Le recours à René Guénon oblige à maintenir l’exposé des doctrines akbariennes
dans une orientation strictement « traditionnelle ». La notion de « tradition » est
ici essentielle : d’une part, elle rappelle le caractère supra-individuel de
l’enseignement doctrinal et, souligne par là-même l’illégitimité de toute
profanation rationaliste ou philosophique ; d’autre part, elle évoque la nécessité,
à tous niveaux, d’une transmission régulière de cet enseignement qui ne peut
être séparé, ni du support providentiel des Révélations inspirées par Dieu à Ses
Prophètes, ni du « cadre » protecteur et préservateur formé par les rites et les
institutions sacrées ; enfin, elle souligne la prépondérance de Message inspiré
sur le messager, affirmée d’une façon similaire par les représentants du
Tasawwuf : Ibn Arabî lui-même justifie sa fonction par l’ordre que le Très-Haut
lui donne : « Conseille Mes serviteurs ! ». De toute évidence, le « conseil » est
considéré comme plus important que celui qui le donne, si éminent que soient le
degré et la qualification de ce dernier. Par conséquent, l’intérêt légitime que l’on
porte au cas et au statut traditionnels d’Ibn Arabî ne doit pas entrainer une
confusion et faire oublier l’essentiel qui est son enseignement doctrinal (4).

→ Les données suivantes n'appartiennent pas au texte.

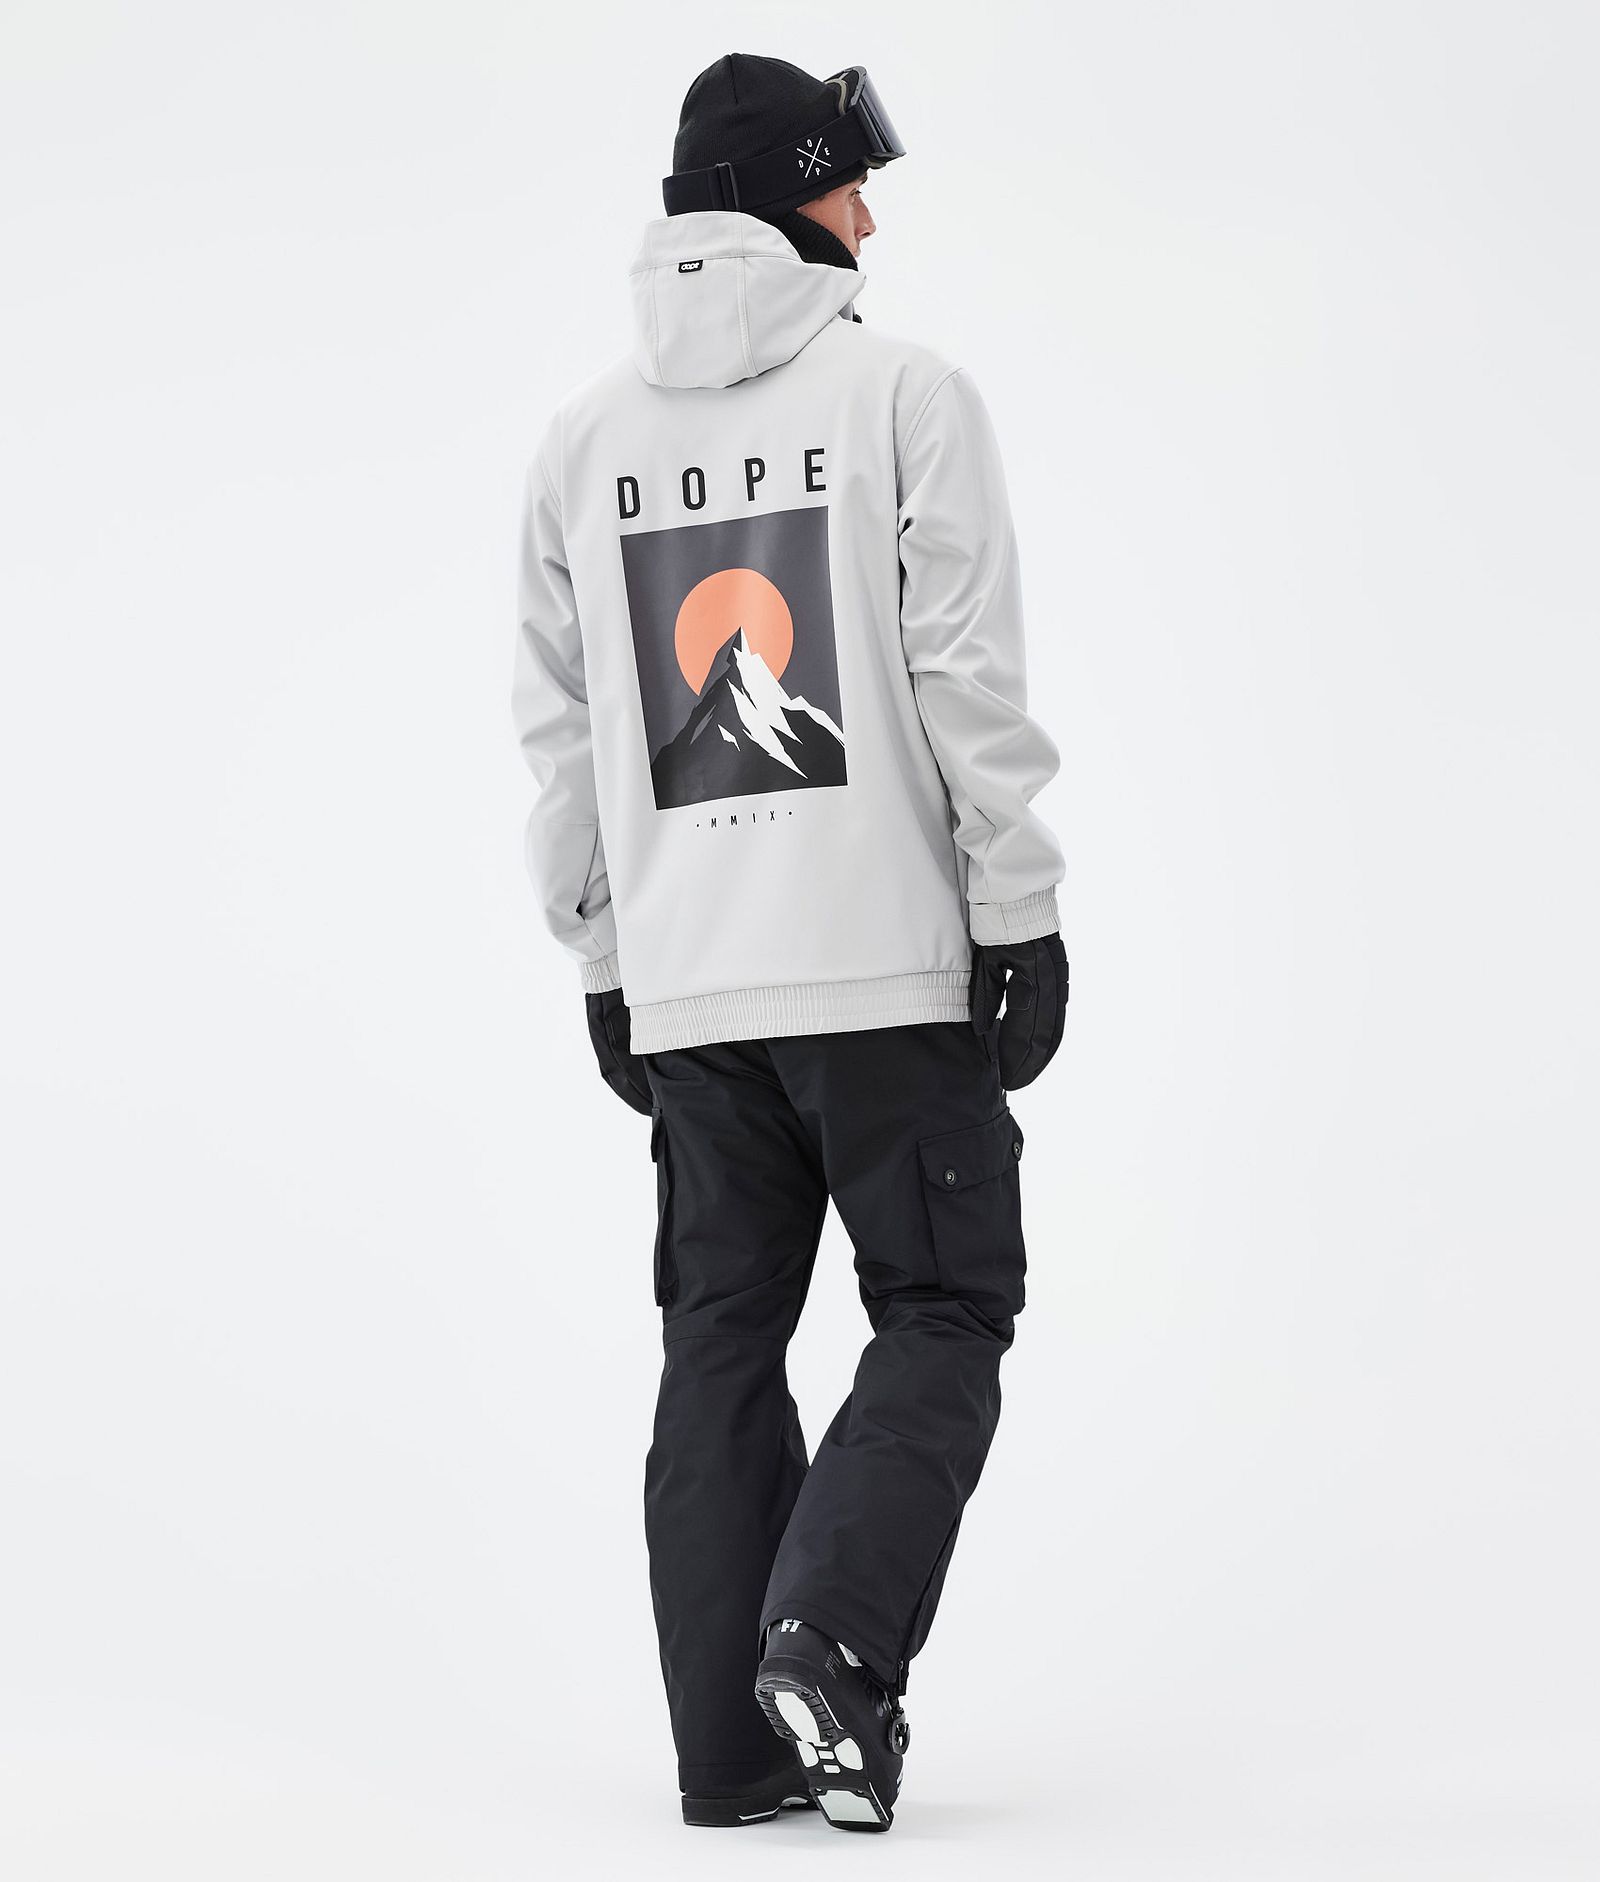 Dope Yeti Outfit de Esquí Hombre Light Grey/Blackout

Pour
ce qui concerne les deux premiers aspects, le critère d’orthodoxie qui
correspond, dans l’œuvre d’Ibn Arabî, à celui de tradition n’est autre que le
respect scrupuleux de la Loi sacrée de l’Islam entendue au sens total défini par
Michel Vâlsan, c’est-à-dire en tant qu’elle « inclut tous les domaines et tous les
degrés de la vie spirituelle et temporelle, y compris les principes et les méthodes
de la connaissance métaphysique. » Cette notion de « Loi sacré » est
habituellement mal comprise par les Occidentaux, qui, influencés par certaines
particularités du Christianisme (5), ont tendance à la confondre avec celle
d’ « exotérisme », d’où le risque de graves malentendus que seul le recours à
l’idée traditionnelle, telle qu’elle a été définie et exposée par René Guénon,
permet d’éviter (6).
(3) L'Islam et la fonction de René Guénon, p. 17.
(4) Il est significatif qu’une confusion similaire ait été entretenue dans le cas de
René Guénon dans le but de contourner et d’occulter son enseignement ; cf.
Introduction à l’enseignement et au mystère de René Guénon, p.7.
(5) Ibid., p. 88-89.
(6) Le danger principal est aujourd’hui que des aspects essentiels d’Ibn Arabî
soient coupés de leurs racines islamiques et utilisés à des fins antitraditionnelles.
Nous avons eu l’occasion déjà (cf. Marie en Islam, p. 73) de dénoncer l’action
de la Ibn Arabî Society dont le siège est à Oxford. Cette société est une simple
annexe de la Beshara, organisation pseudo-traditionnelle capable de servir de
support à des influences plus suspectes. Cf., par exemple, The Basis of Universal
Religion, article paru dans le n°1 de la revue Beshara sous la signature de M.
Stephan Hirtenstein qui est, par ailleurs, le responsable du Journal of the
Muhyiddin Ibn Arabi Society.
(Charles-André Gilis, René Guénon et l’avènement du troisième Sceau, chap.V :
La doctrine des trois sceaux, p. 41-48).